## Given material
+===+
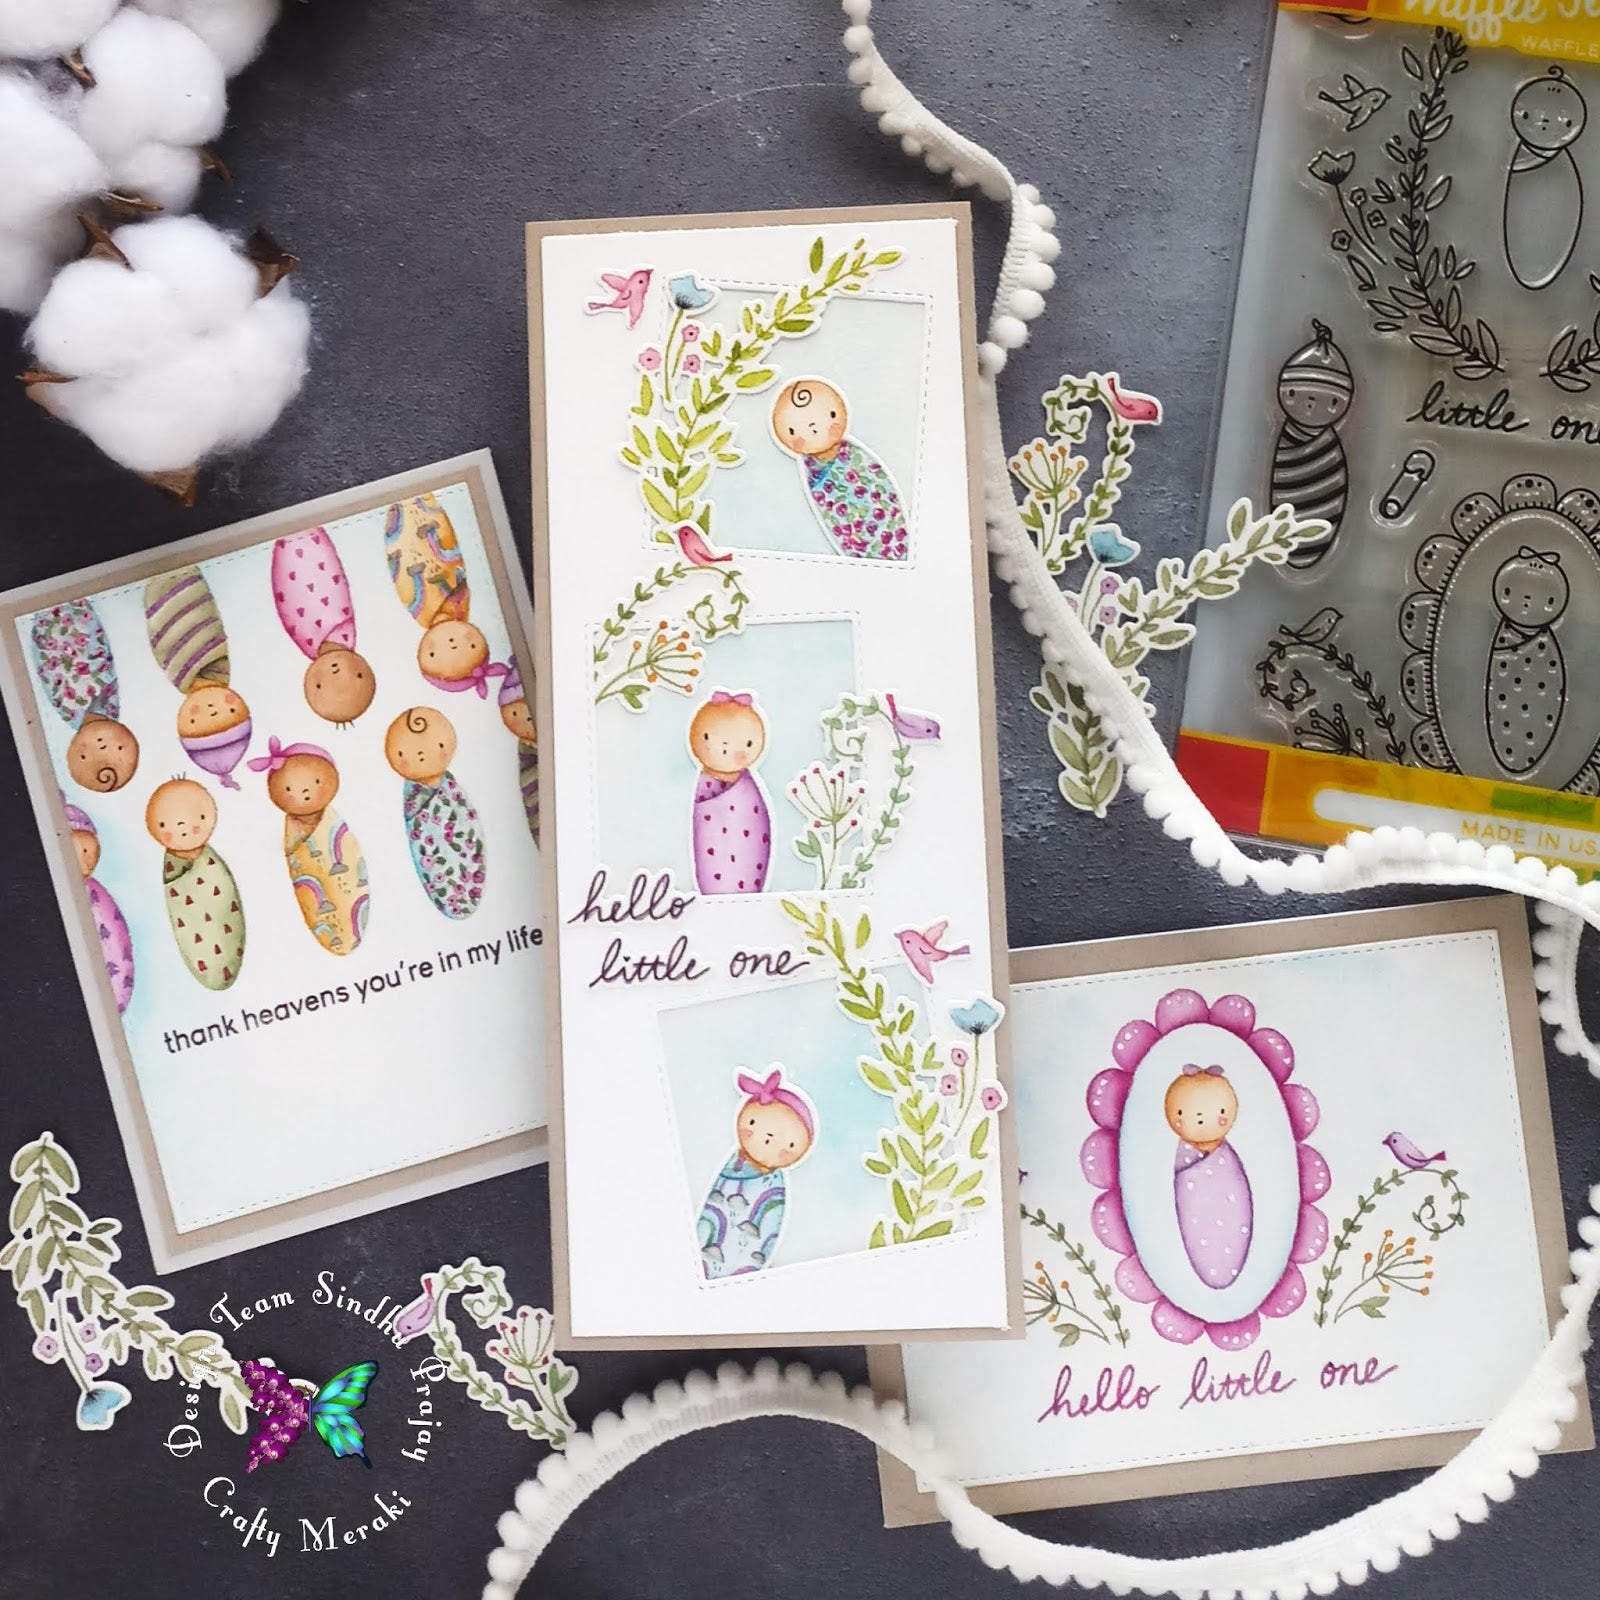 Ooh BABY! 3 ADORABLE baby cards with Sindhu
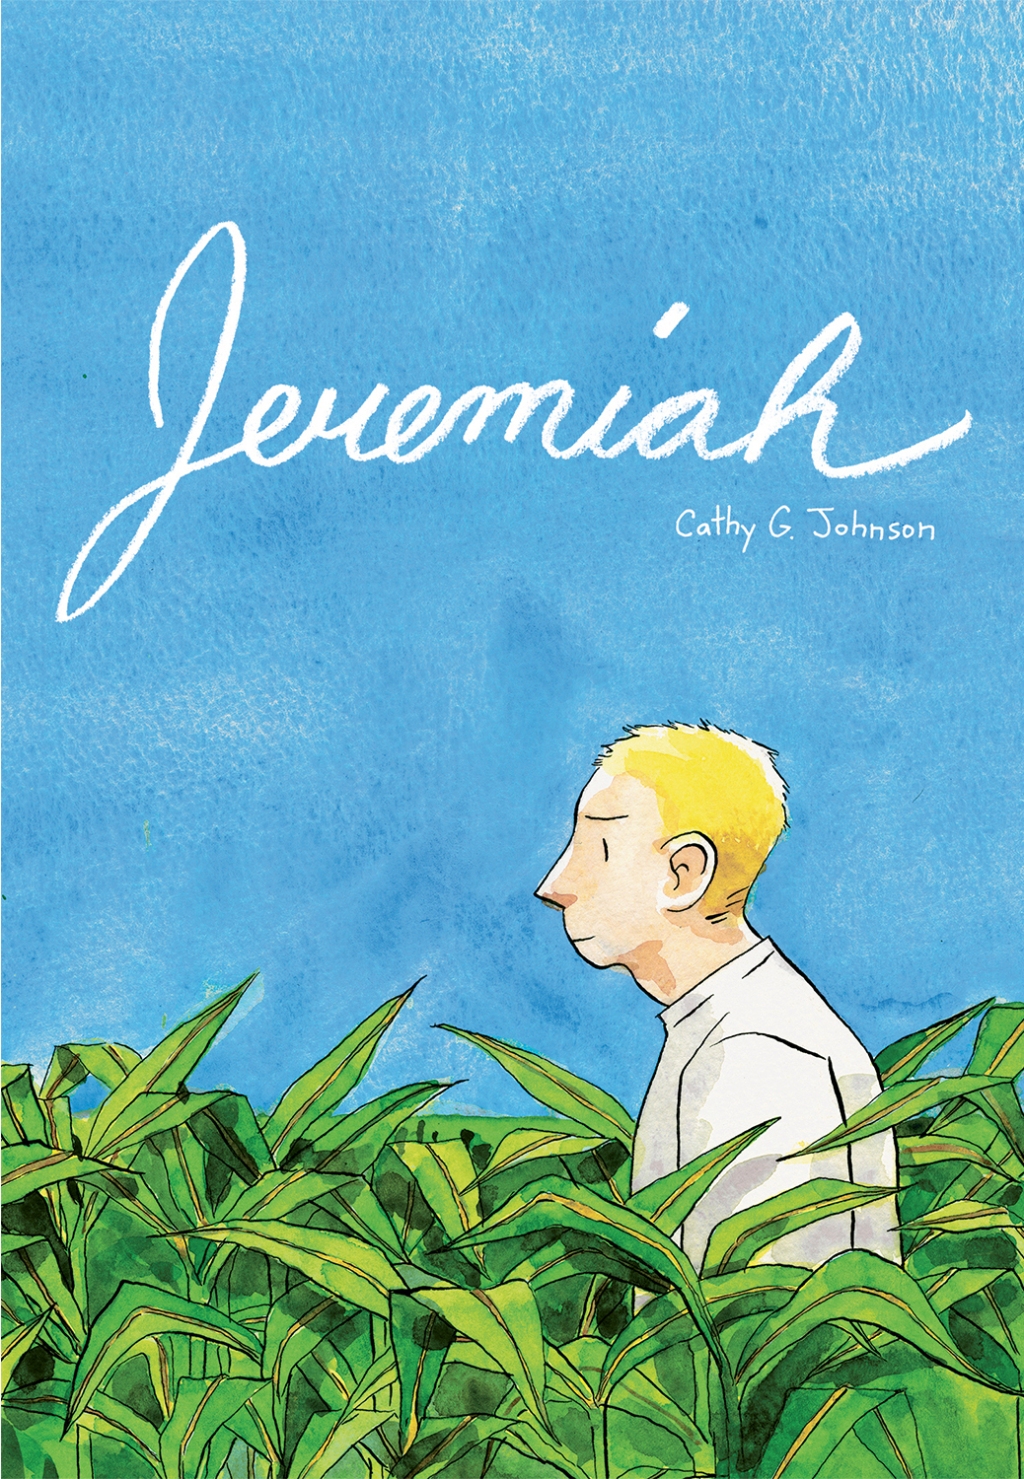 Jeremiah in August from AdHouse Books
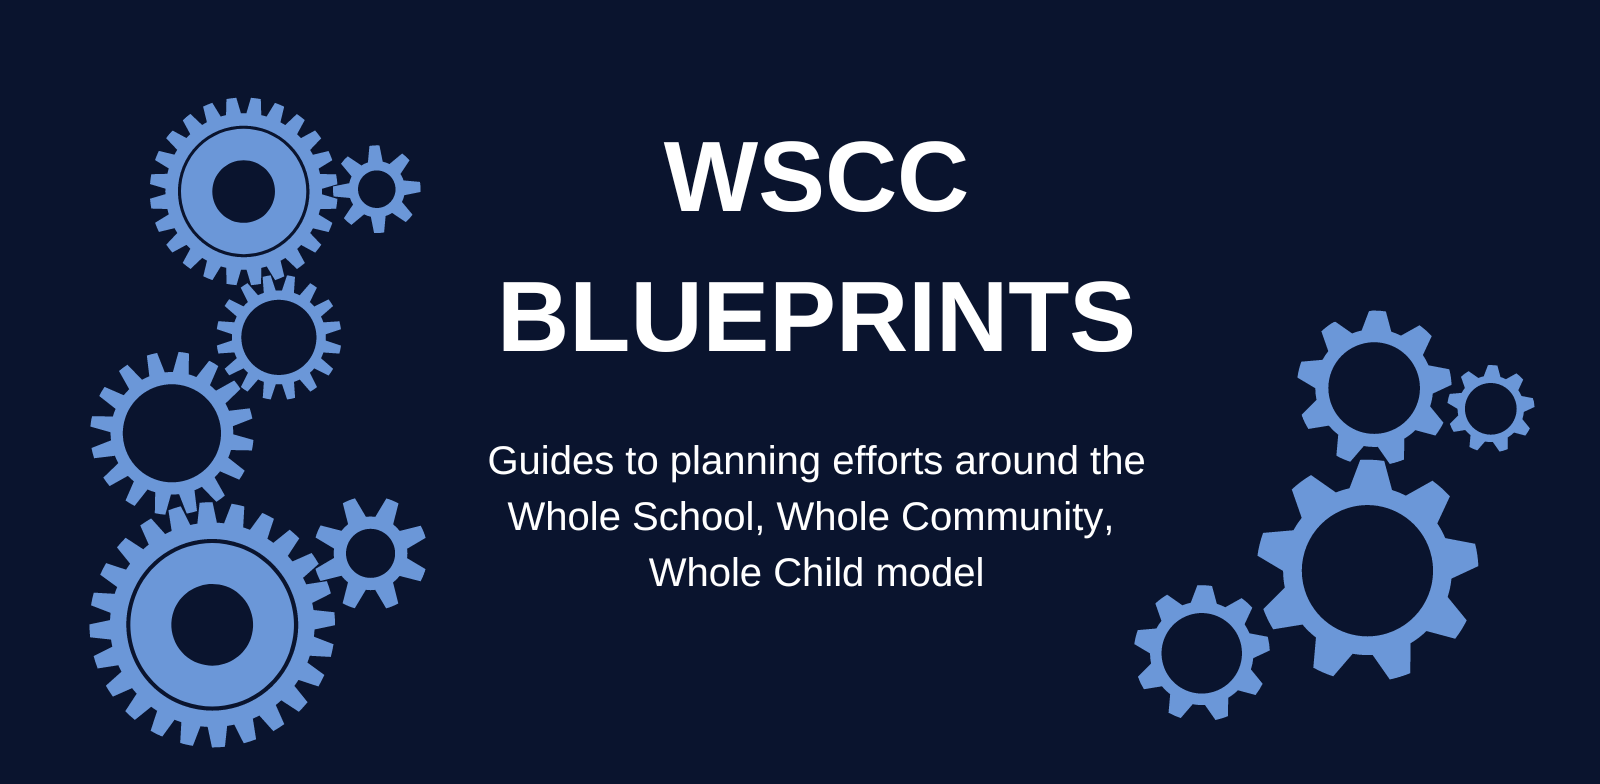 WSCC Blueprints Guides to planning efforts around the Whole School, Whole Community,  Whole Child model
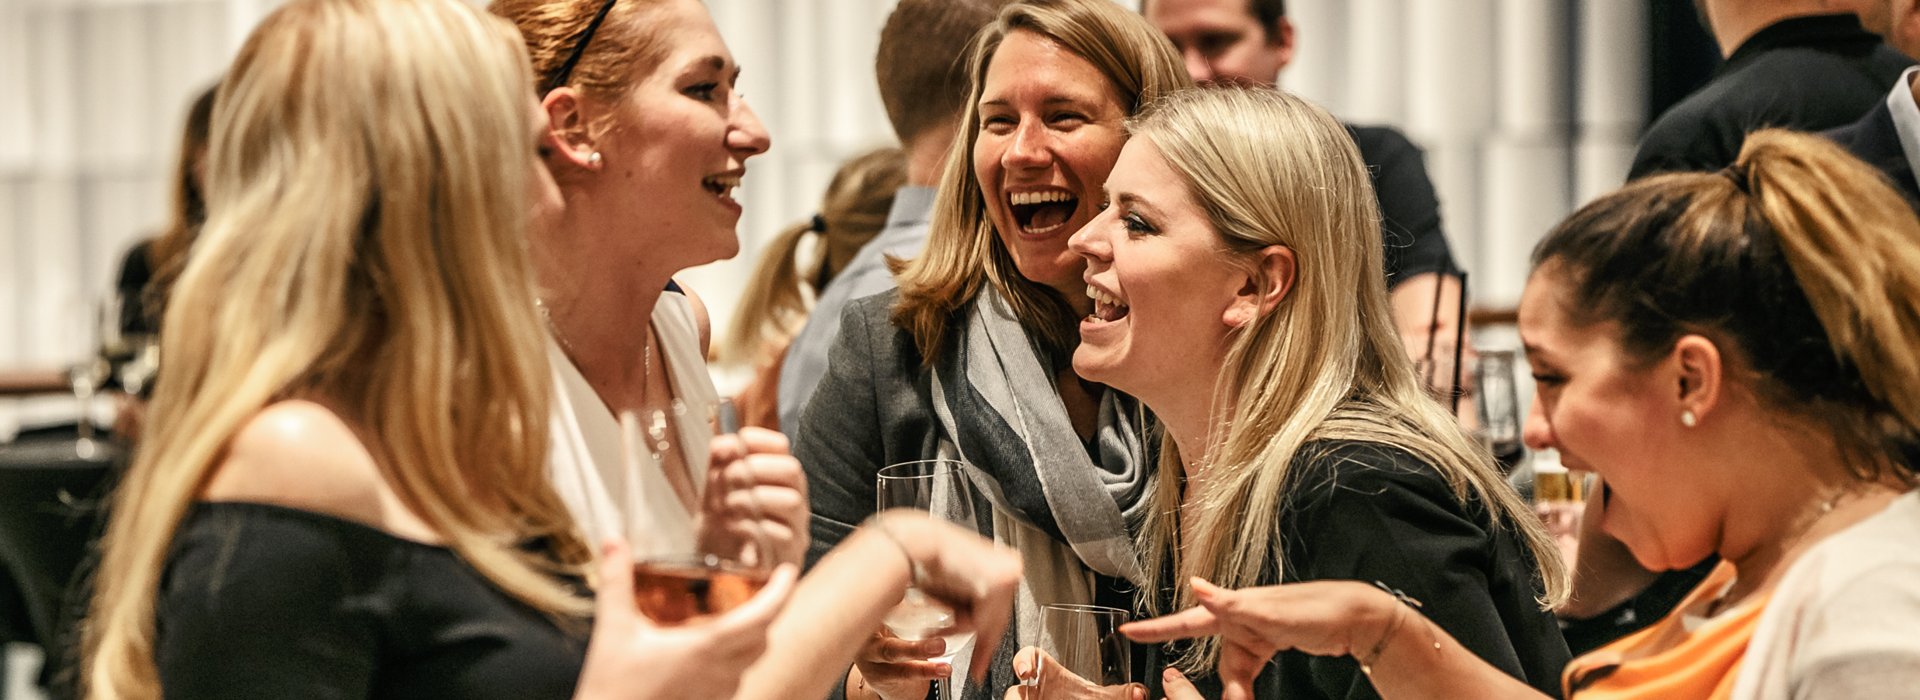 networking_event_women_chatting_laughing.jpg
+===+
## Exercise objective
Leave the pictures out and copy the rest of the data exactly.

## Exercise answer
 Ooh BABY! 3 ADORABLE baby cards with Sindhu
 Jeremiah in August from AdHouse Books
 WSCC Blueprints Guides to planning efforts around the Whole School, Whole Community,  Whole Child model
 networking_event_women_chatting_laughing.jpg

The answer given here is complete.